If you’ve decided that you want to increase your working capital, there are many ways to go about doing so. Here are some examples of strategies that small businesses can implement to improve their working capital management:

  • Streamline Operations: Identify and eliminate inefficiencies in business operations to reduce costs and free up cash. This could involve automating certain processes or renegotiating contracts for better terms.
  • Control Costs: Implement cost-cutting measures to control expenses without compromising on the quality of products or services.
  • Forecast Cash Flow: Create accurate cash flow forecasts to anticipate future cash inflows and outflows. This helps in identifying periods of potential cash shortages or surpluses, allowing the business to plan accordingly.
  • Manage Inventory: Optimize inventory levels by implementing just-in-time (JIT) inventory practices. This reduces carrying costs and prevents overstocking or stockouts.
  • Manage Accounts Receivable: Set clear credit terms for customers and establish a systematic process for collecting payments. Consider offering discounts for early payments to encourage quicker settlement.
  • Manage Accounts Payable: Negotiate favorable payment terms with suppliers without damaging relationships. Take advantage of vendor discounts for early payment if feasible.
  • Supplier Relationships: Nurture positive relationships with suppliers to negotiate favorable terms, such as extended payment deadlines or discounts for bulk purchases.
  • Diversification: Consider diversifying your product or service offerings to reduce dependence on a single revenue stream, which can help stabilize cash flows.
  • Debt Management: If the business has existing debt, manage it effectively by making consistent payments and exploring opportunities to refinance at lower interest rates.
  • Strategic Pricing: Set prices strategically to ensure profitability while remaining competitive in the market.
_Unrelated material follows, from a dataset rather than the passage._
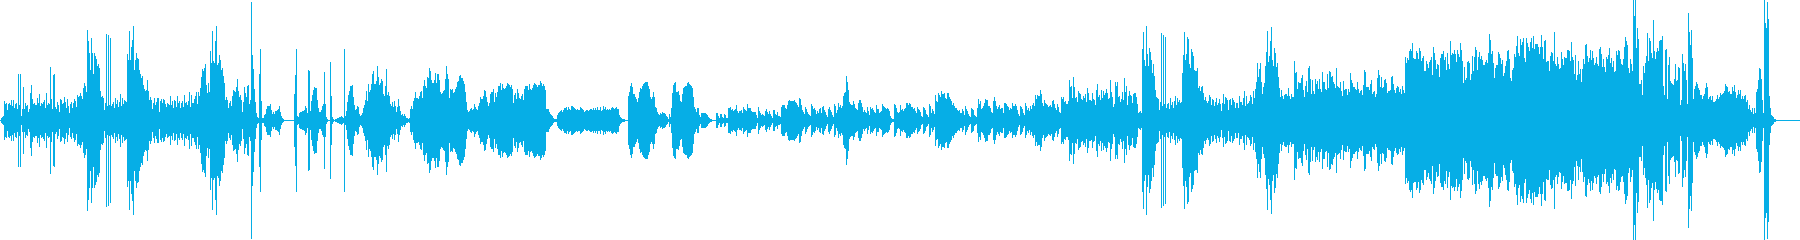 変化の激しい10パート編成のアンサンブルの再生済みの波形

At the end of the day, your job as a practice owner is to create transferable value.

If you want to create a business you can sell for the highest price, you should focus on creating business equity by building a practice that creates value beyond its balance sheet. In other words, building a practice that can be transferred to a new owner. 

If you can’t sell your company today with the confidence that a strategic/financial buyer can operate it as profitably as you, then you still have work to do in building the right kind of value and equity in your practice.